Leapfrog Investigation

This is an investigation task accessible to students as early as year 7, but requires vectors to be able to prove the result.

The investigation

Choose a starting point and three other points, called A, B, and C.

From the starting point, leapfrog over point A. By that, I mean land on the point P1 such that A is the midpoint of P1 and the starting point.

Then leapfrog from that point over B. Then C, A, B and C.

Where will you finish?

I encourage students to draw it out first, stressing the importance of accuracy. It makes for a good measuring and constructions with a ruler task for lower years. Below is an interactive version for the board. Move the points around, then use the "Jumps" slider to show the jumps.

For those that have studied vectors, a further challenge would be to ask them to prove the result.

Aditionally, does this hold true in 3D?

Want to send this to students and let them play around with it? Here's a link.

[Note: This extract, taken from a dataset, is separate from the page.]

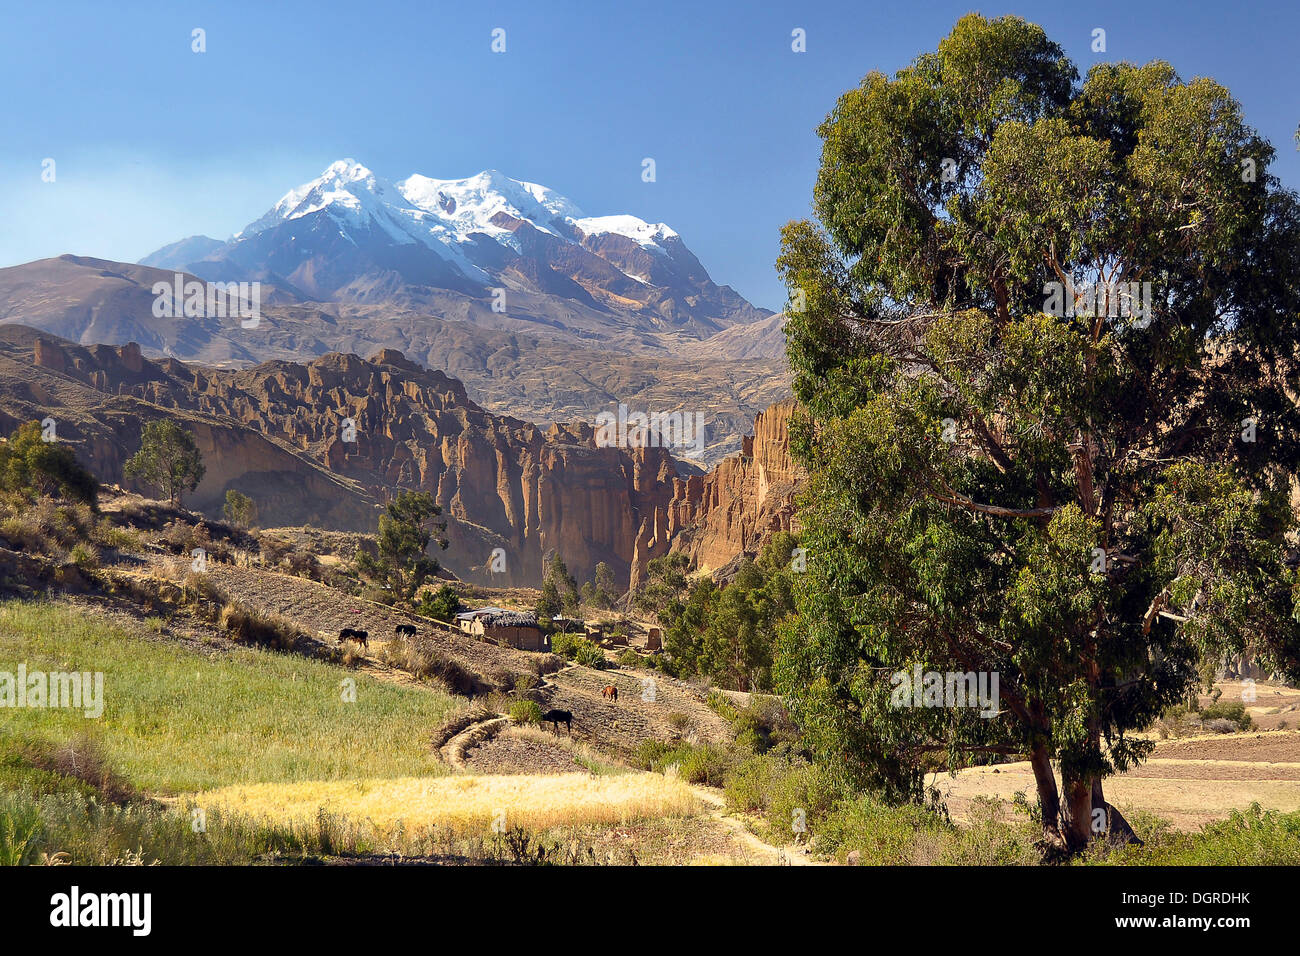 Palca canyon and the Illimani mountain, Altiplano high plateau, Andes mountain range, La Paz, Bolivia, South America Stock Photo

It bugs me when resources don't have solutions, so here's the proof!

The proof

Let points $A$, $B$ and $C$ have position vectors $\mathbf{a}$, $\mathbf{b}$ and $\mathbf{c}$, respectively, treating the starting point as the origin without loss of generality.

After the first leapfrog jump, we have a position vector of $2\mathbf{a}$.

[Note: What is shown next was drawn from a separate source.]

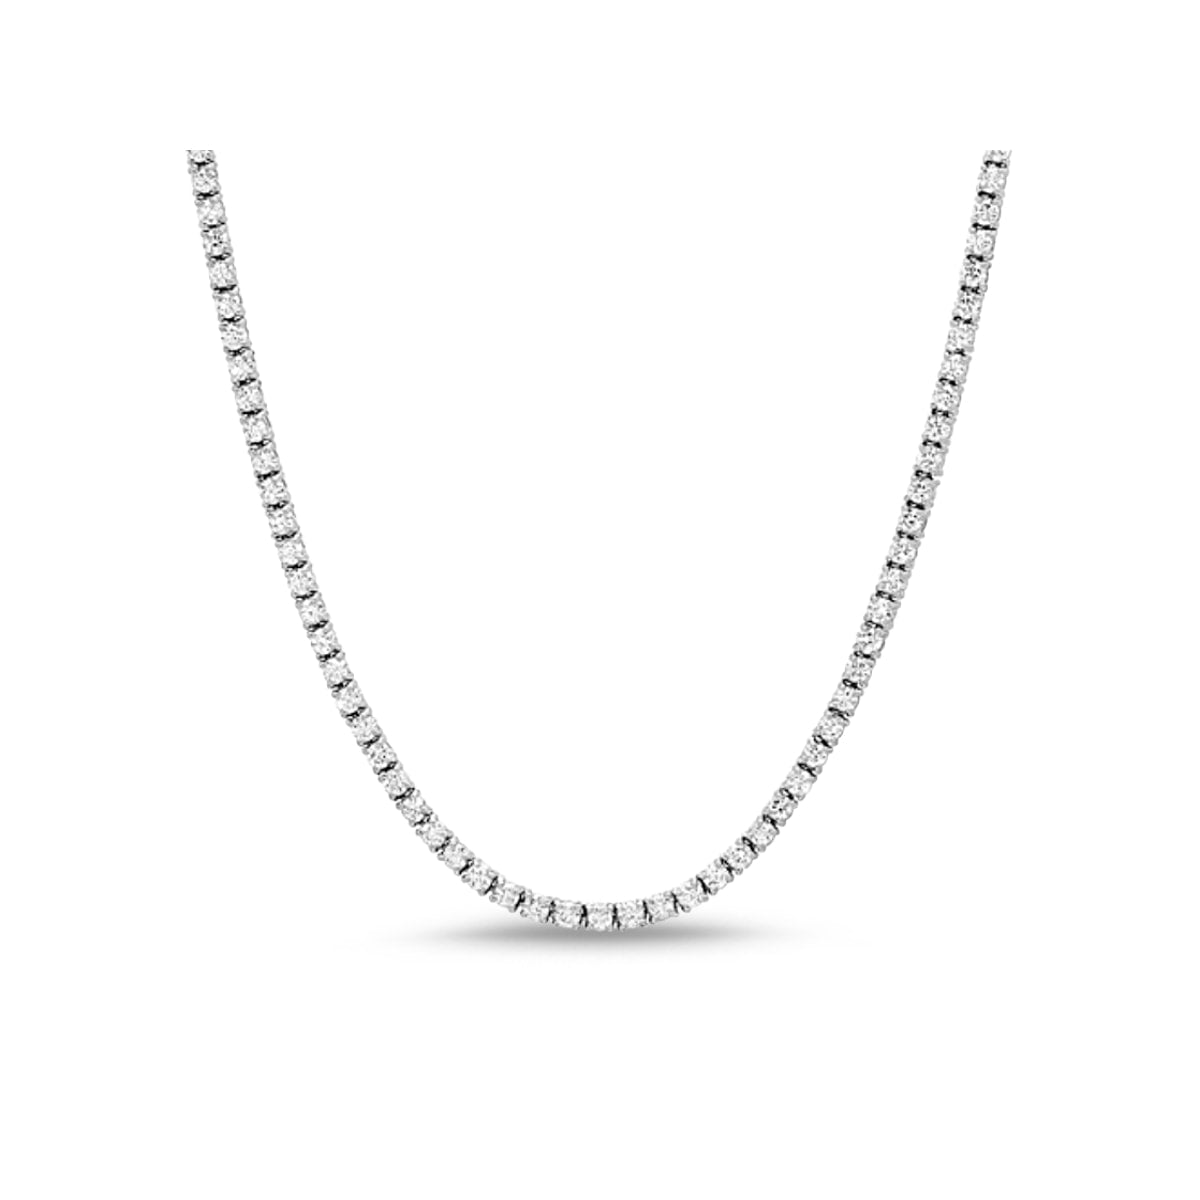 Monette 4 Prong Diamond Necklace in 18k White Gold Vermeil

After the second leapfrog jump, we have a position vector of $2\mathbf{a}+2(\mathbf{b}-2\mathbf{a})=2\mathbf{b}-2\mathbf{a}$.

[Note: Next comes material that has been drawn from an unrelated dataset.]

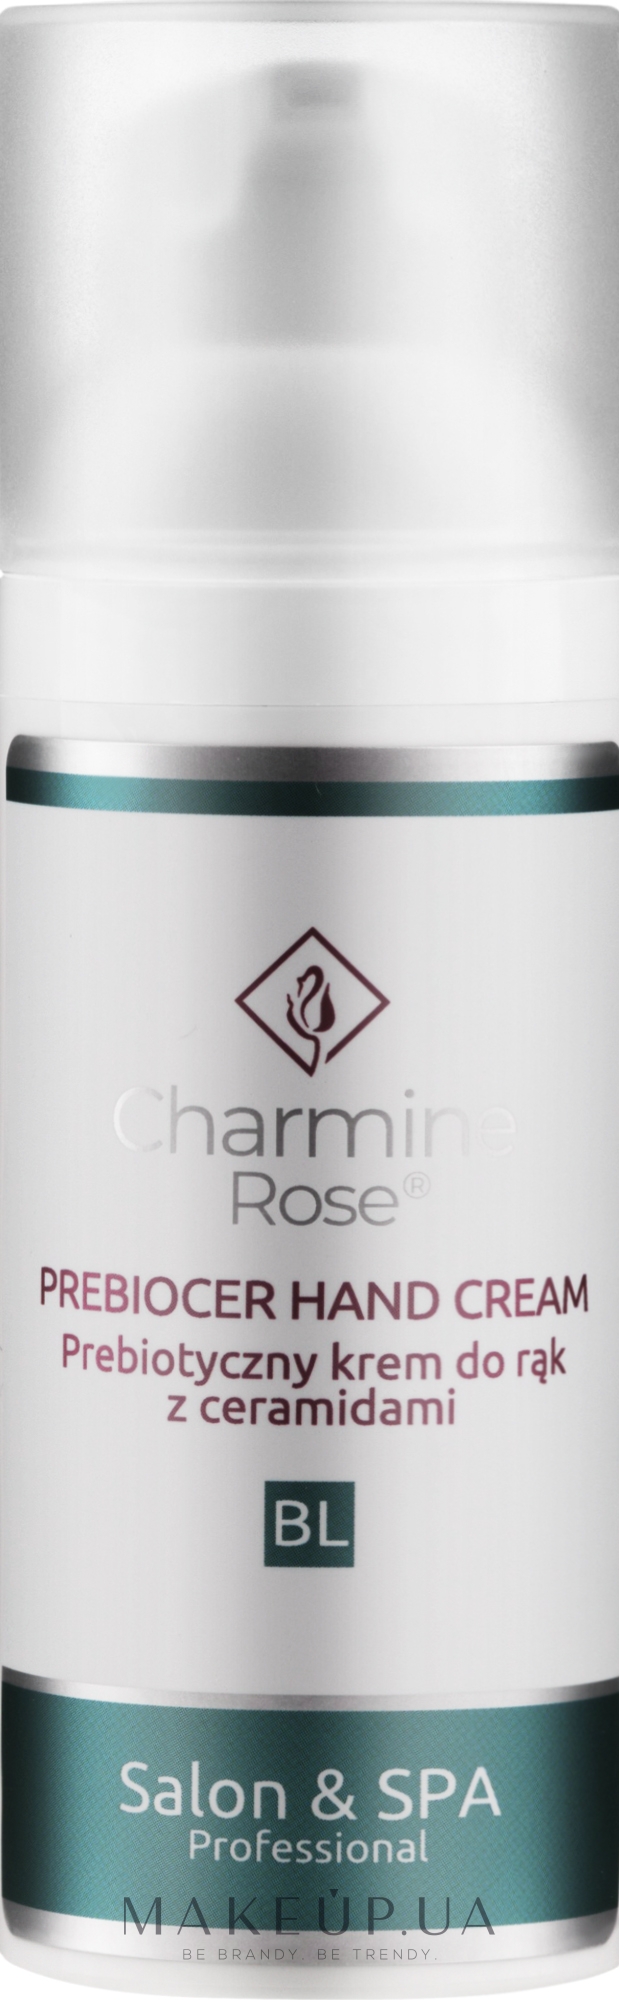 Пребіотичний крем для рук з керамідами - Charmine Rose Prebiocer Hand Cream — фото 50ml

After the third leapfrog jump, we have a position vector of $2\mathbf{b}-2\mathbf{a}+2(\mathbf{c}-(2\mathbf{b}-2\mathbf{a}))=2\mathbf{a}-2\mathbf{b}+2\mathbf{c}$.

After the fourth: $2\mathbf{b}-2\mathbf{c}$.

After the fifth: $2\mathbf{c}$.

After the sixth: $2\mathbf{c}+2(\mathbf{c}-2\mathbf{c})=\mathbf{0}$.

The resultant vector is $\mathbf{0}$, so we finish where we started. Furthermore, we did not define the dimension of the vector, so this works in any number of dimensions (including 1D and 3D).